I am working with large panel of human tissue cells that are collected from different centres. Its a paired design i.e same sample has treated and untreated rna-seq data.
Here is how my colData looks like
> colData purity subjects treat Center Year BMI Gender Age sample1_treat 95 1 treat Miami 2011 <NA> M <NA> sample1_untreat 95 1 untreat Miami 2011 <NA> M <NA> sample2_treat 90 2 treat Milano 2011 <NA> F <NA> sample2_untreat 90 2 untreat Milano 2011 <NA> F <NA> sample3_treat 75 3 treat Geneva 2011 20 F 50 sample3_untreat 75 3 untreat Geneva 2011 20 F 50 . . . . . .

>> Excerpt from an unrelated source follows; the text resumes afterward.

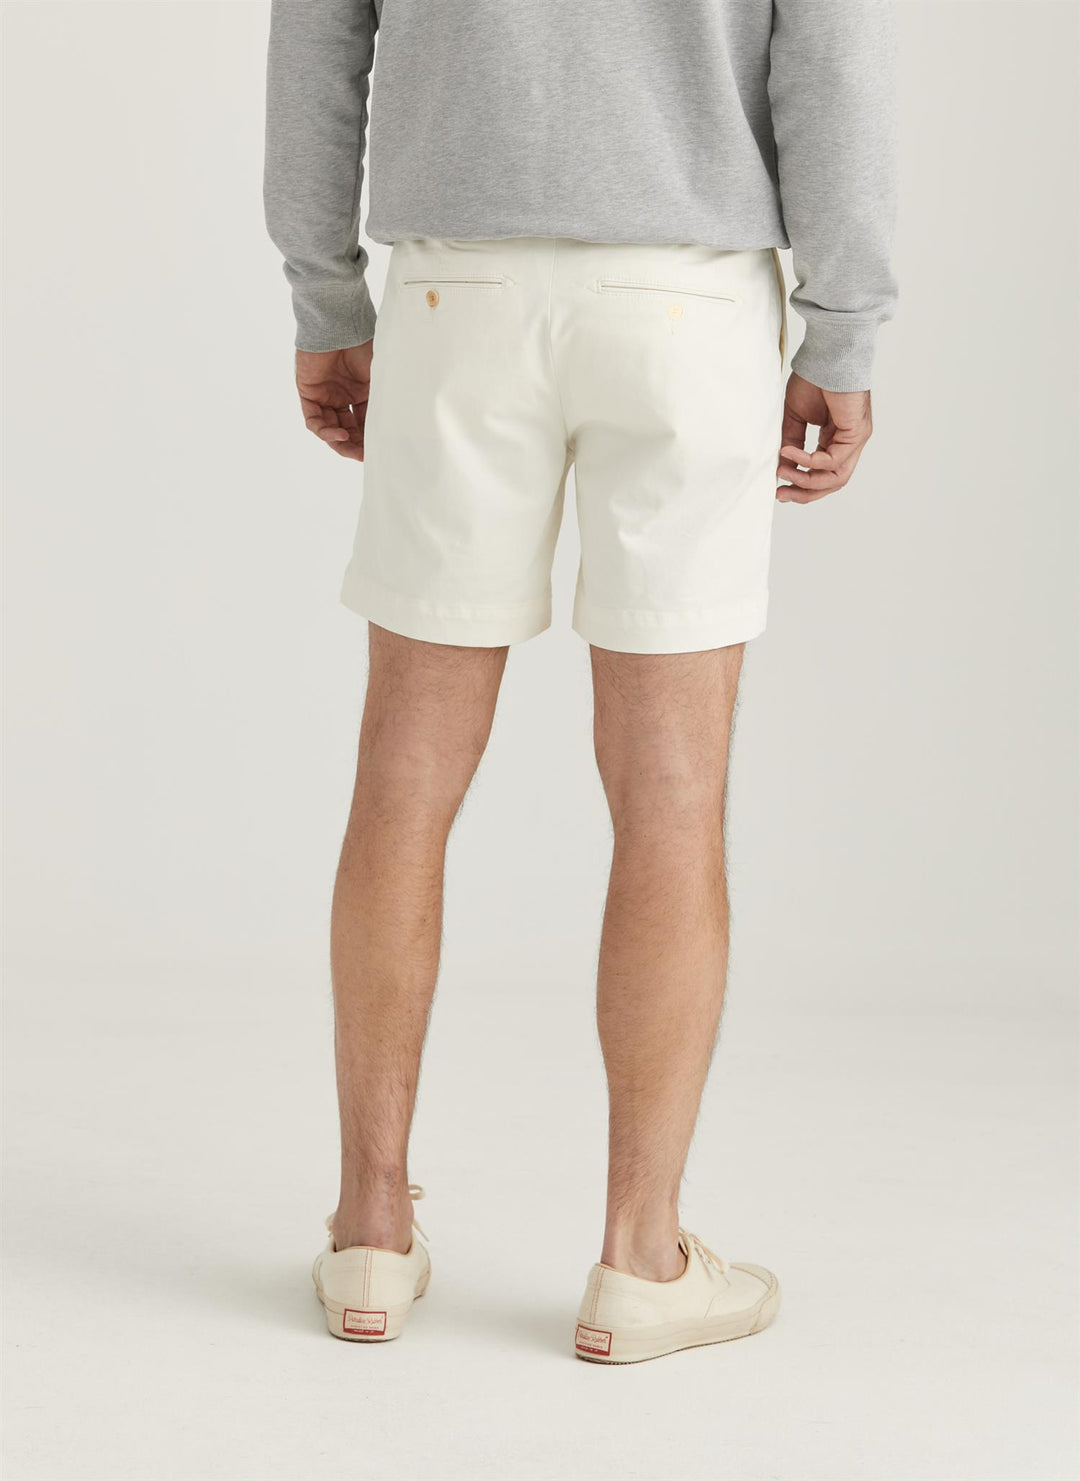 Jeffrey Short Chino Shorts Off-White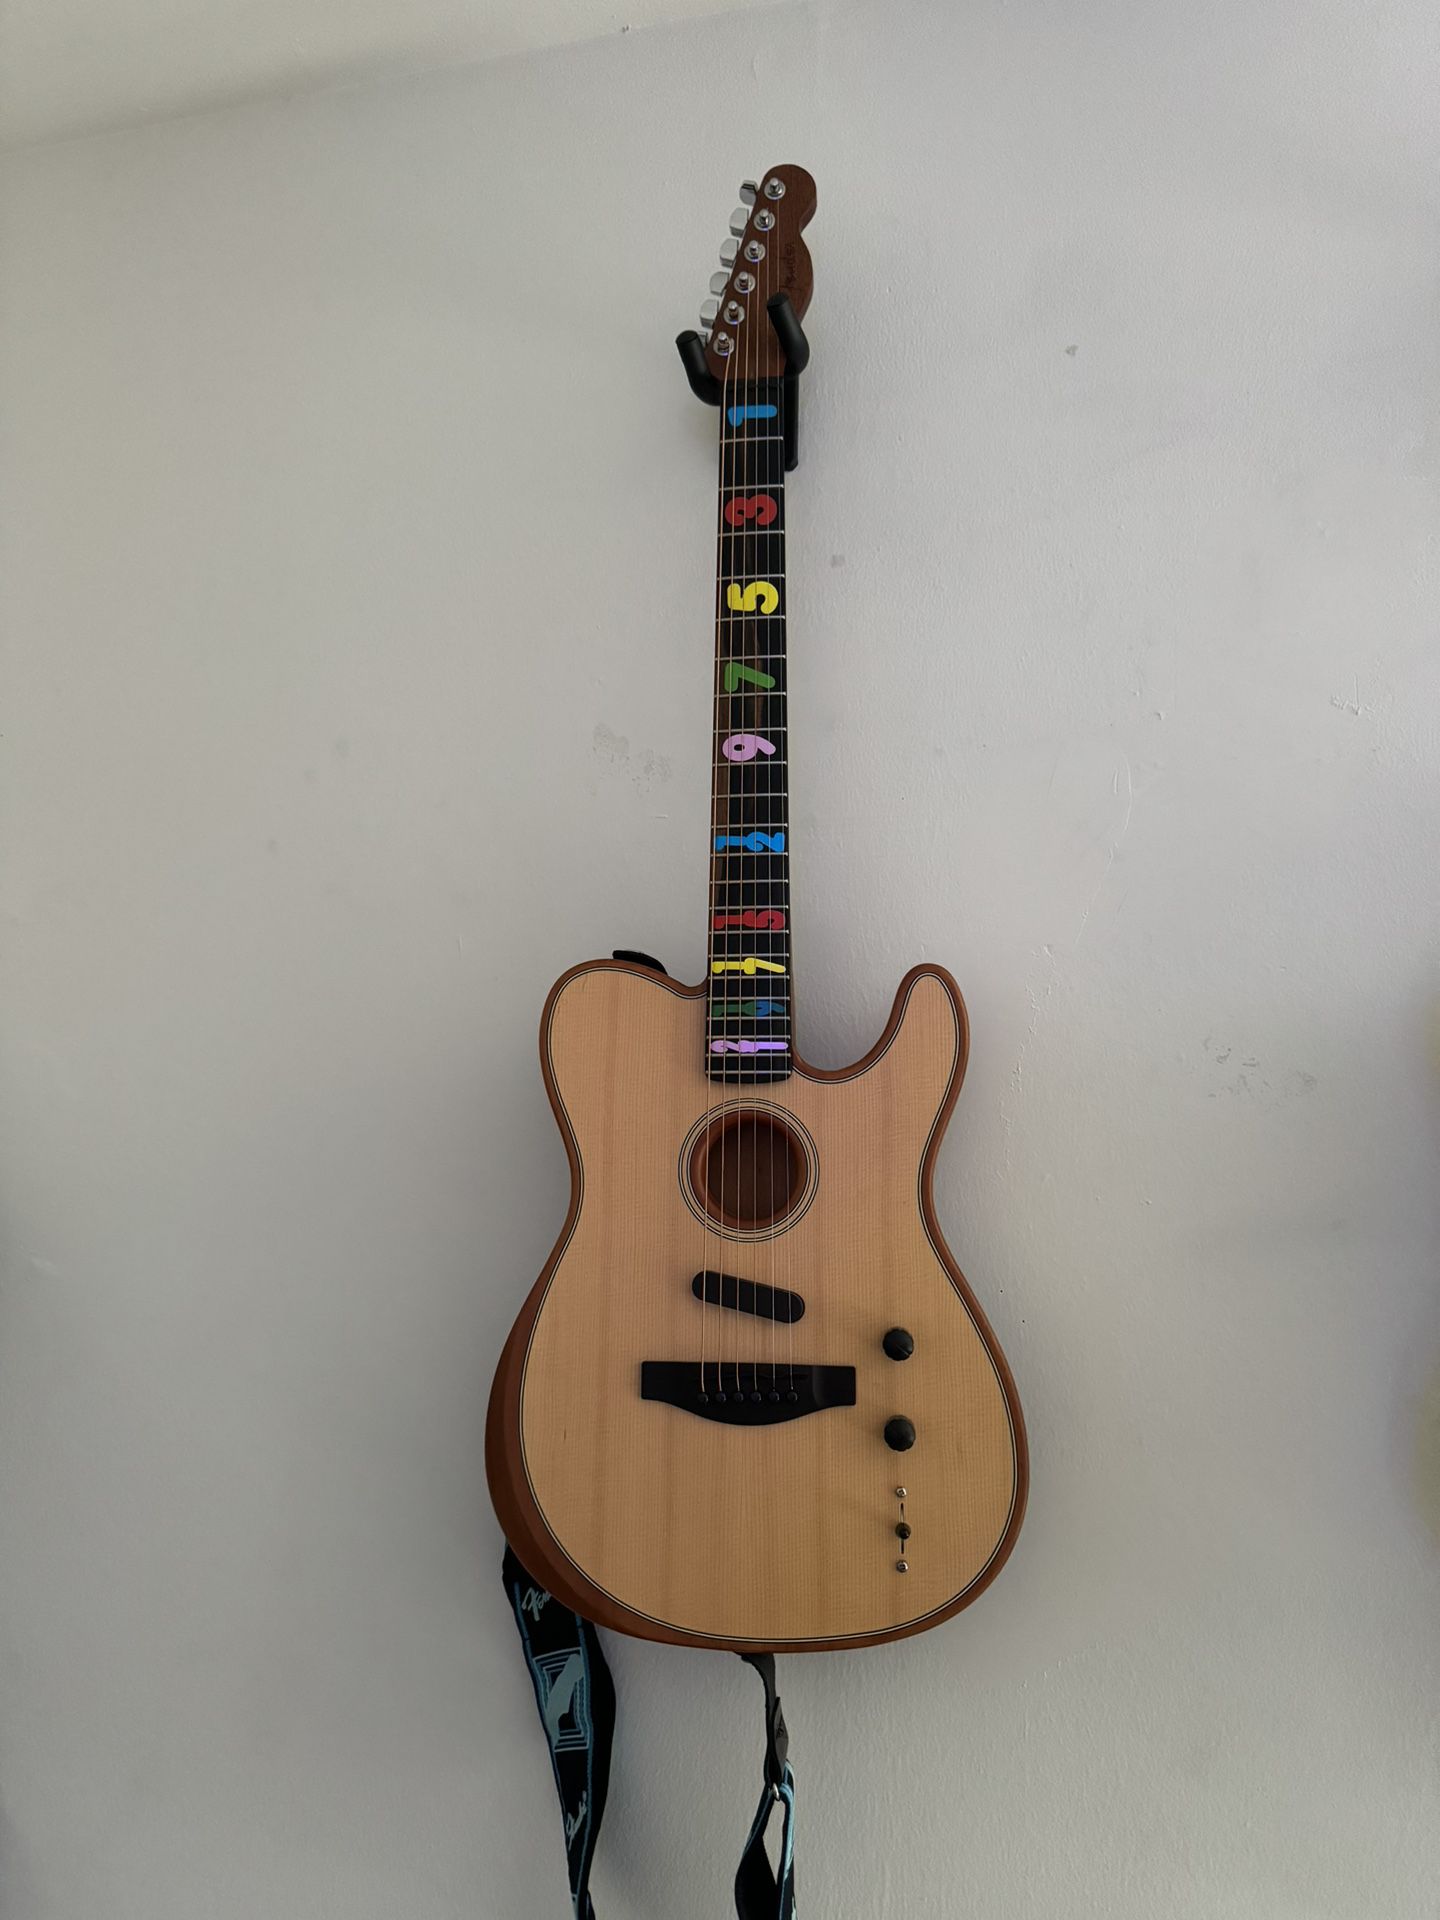 Fender Acoustasonic Telecaster Ebony Fingerboard Acoustic-Electric Guitar Natural

As I have been believing that the paired design takes any batch effects in to account, I used the following design for DE analysis to look for differential genes between
treated vs untreated :
design(dds) <- formula(~ subjects + treat)
I am also intended to do exploratory data analysis, for that I am using a matrix of log Fold change values generated by:
norm <- assay(normTransform(dds)) i <- seq.int(1L,72,by = 2L) # 72 is the total number of samples. norm.fc <- norm[,i]-norm[,i+1] write.table(norm.fc, file="normalised_FCMatrix.txt", sep="\t")
And I am using the
norm.fc for doing clustering and PCA analysis.
I would like to know if my design for DE analysis is correct. Do I need to incorporate any other information to account for tissue collection / sequencing centre etc.